The type of mission a satellite program is designed to accomplish has a large influence on the selection of frequency bands it uses. The required bandwidth must be a fraction of the operating frequency, so the more bandwidth required, the higher the operating frequency. The user type and location (e.g., fixed site vs. ship) determine the kind and size of equipment to be used.
Spectrum allocations associate portions of the electromagnetic spectrum with various radio services. A satellite system must select frequencies that are within the allocations that match its mission. Furthermore, a space system must select frequencies allocated for space use. The spectrum environment—the number of other users and the interference they would cause—has an influence on the frequency selection.
Equipment performance also affects frequency selection. The performance of antennas is a good example. For an antenna of a given size, beamwidth is inversely proportional to frequency, so the higher the frequency, the narrower the beam that can be formed. On the other hand, the accuracy required on the antenna's surface tightens with increasing frequency. In contrast, satellite amplifier efficiency (useful output power divided by input prime power) is relatively insensitive to frequencies under 15 gigahertz, then gradually decreases as frequency increases.
The disturbances and attenuation caused by the atmosphere and ionosphere influence frequency selection. Ionospheric disturbances are high at low frequencies and drop with increasing frequency; they are generally insignificant above 2 gigahertz. Atmospheric attenuation is low at low frequencies and increases significantly above 10 gigahertz.
Military satellites operate at a variety of frequencies. Those serving mobile users operate below 1 gigahertz in a band long used for terrestrial military communications. DSCS operates at 7 and 8 gigahertz for several reasons: the allocation is appropriate, the higher frequencies support the wider bandwidths needed for the mission, and building the equipment was possible in the 1960s, when the system began.

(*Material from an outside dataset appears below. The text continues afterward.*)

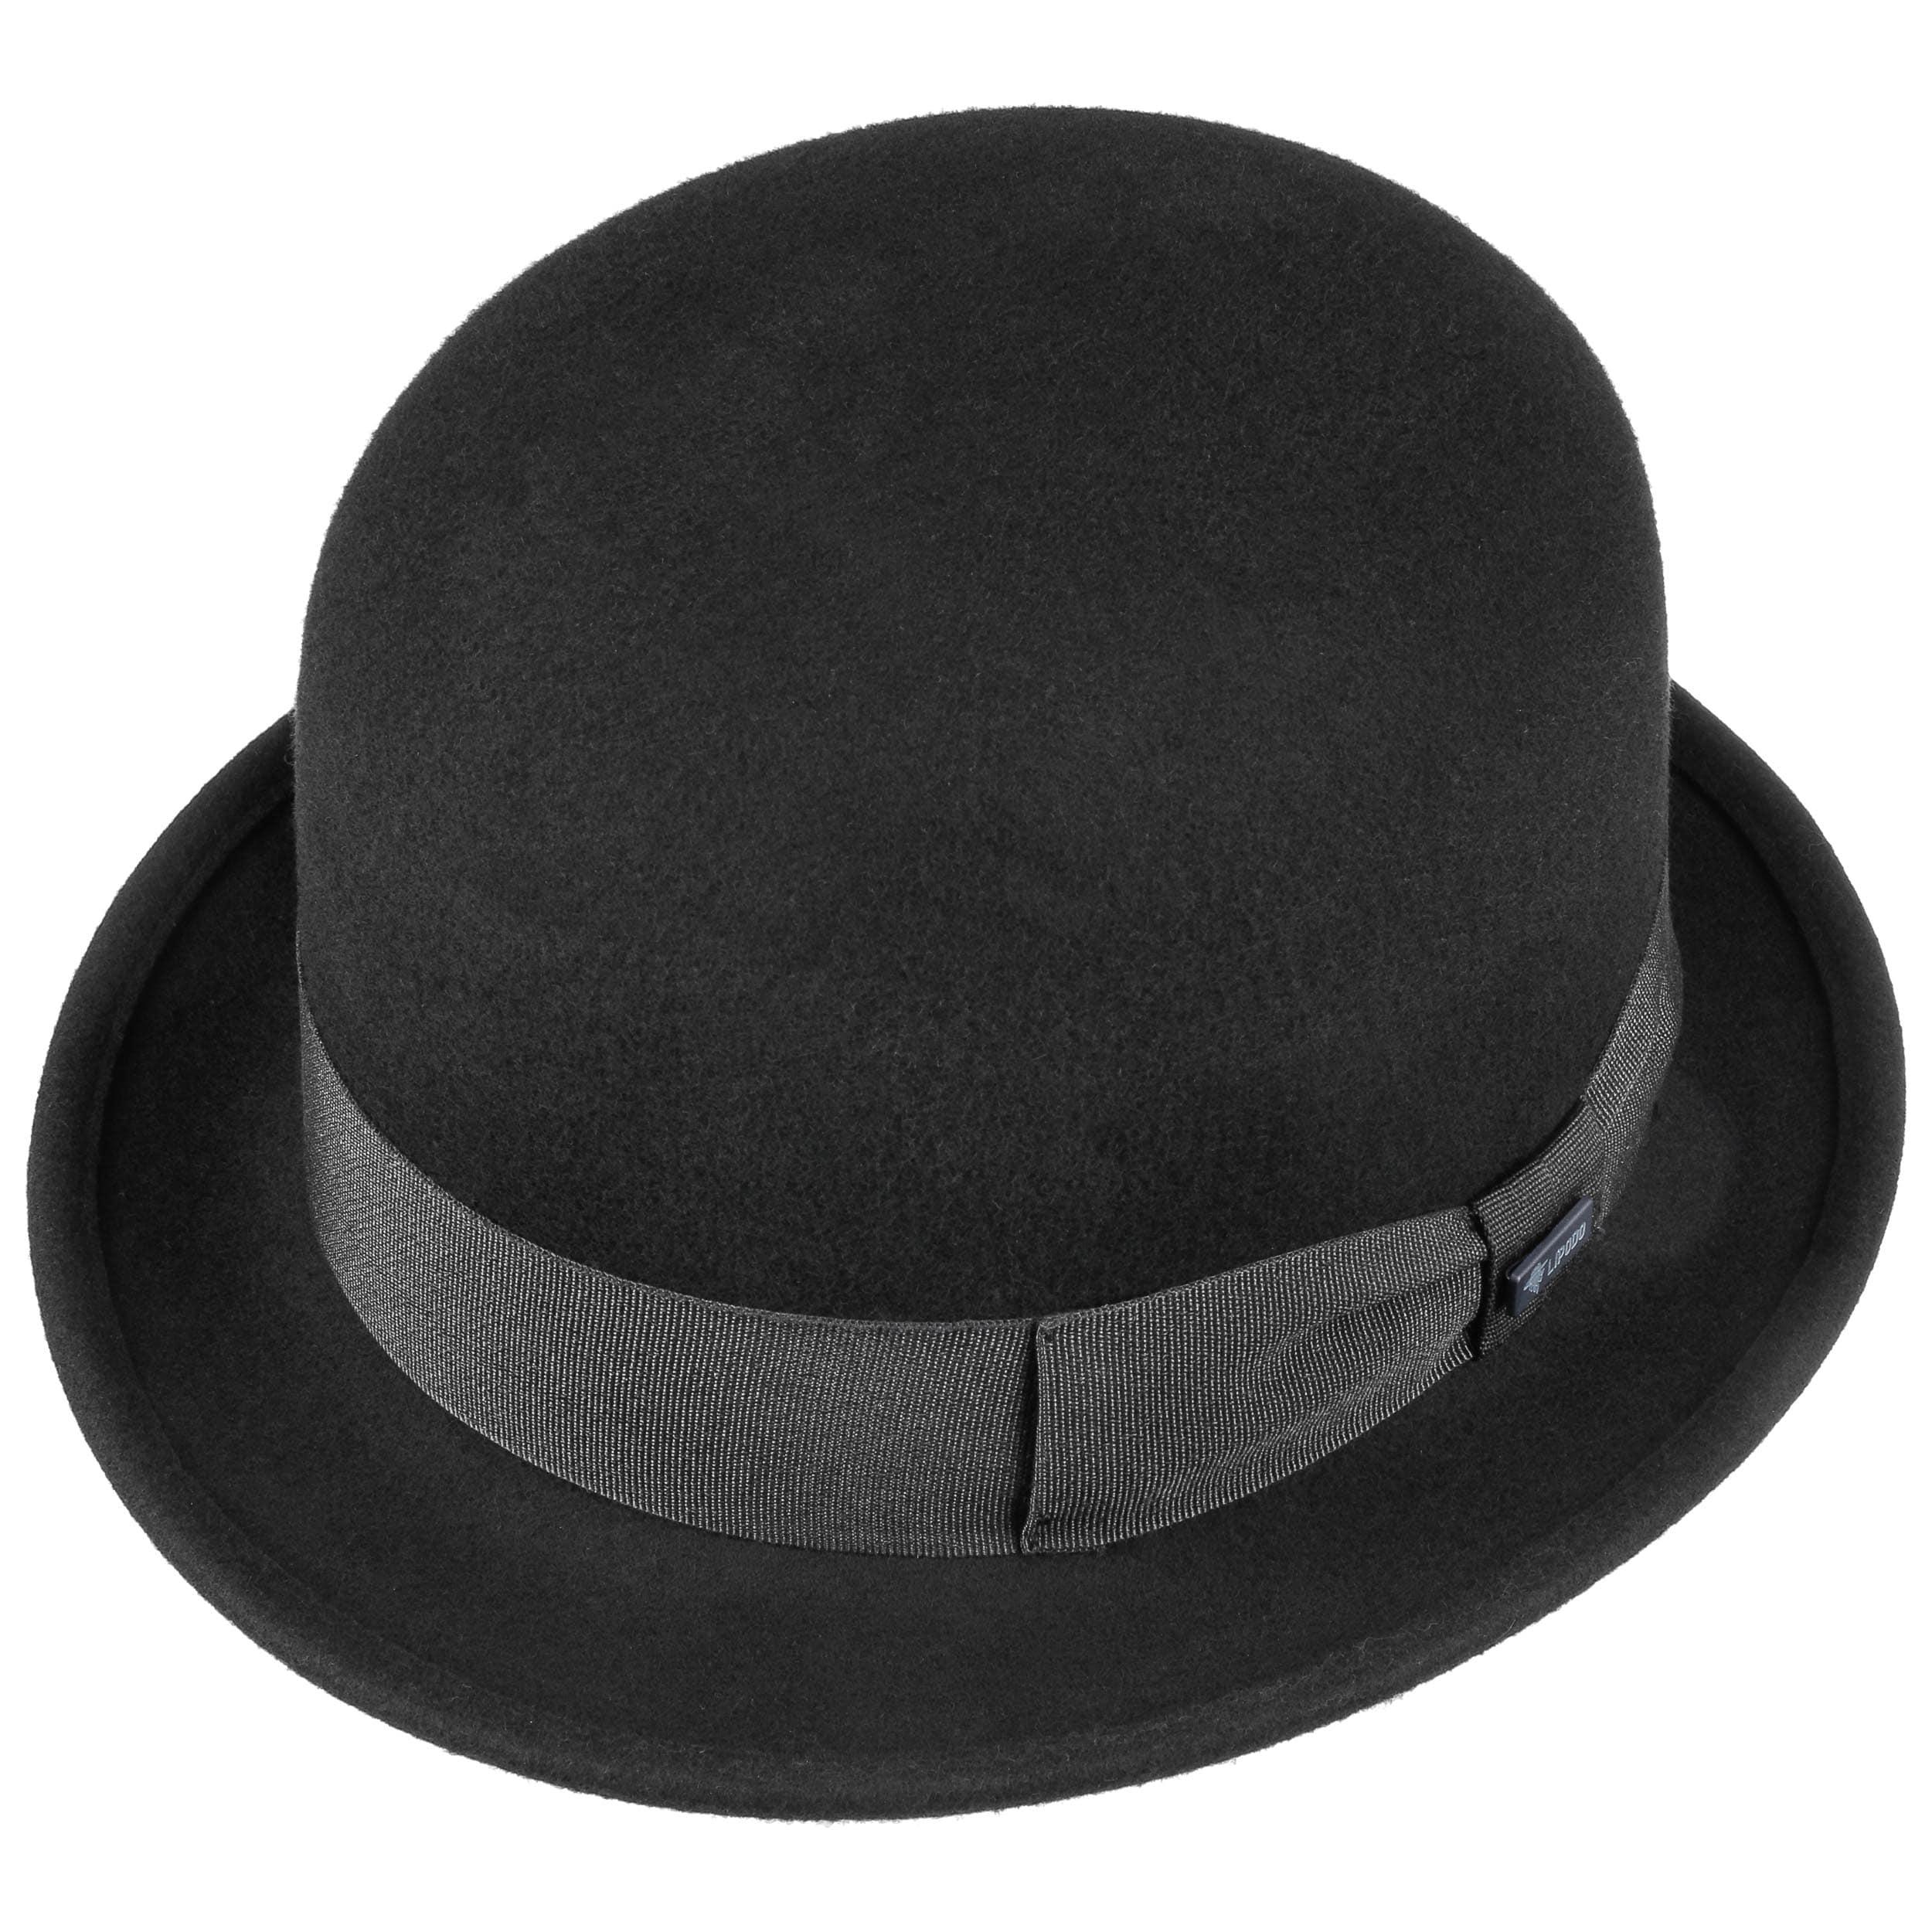 Cappello Bombetta di Feltro by Lipodo - nero 1 ... 3da672cf6343

Milstar uses 20 and 44 gigahertz because, as in the DSCS example, the allocation is appropriate, the bandwidth is wide, and building the equipment is possible. In addition, the propagation disturbance caused by nuclear explosions is lower at these frequencies than it would be at lower frequencies. Atmospheric attenuation, although high, is tolerable. Milstar crosslinks use frequencies near 60 gigahertz because the very high atmospheric attenuation between 55 and 65 gigahertz isolates the crosslinks from terrestrial attacks and because the allocation is appropriate.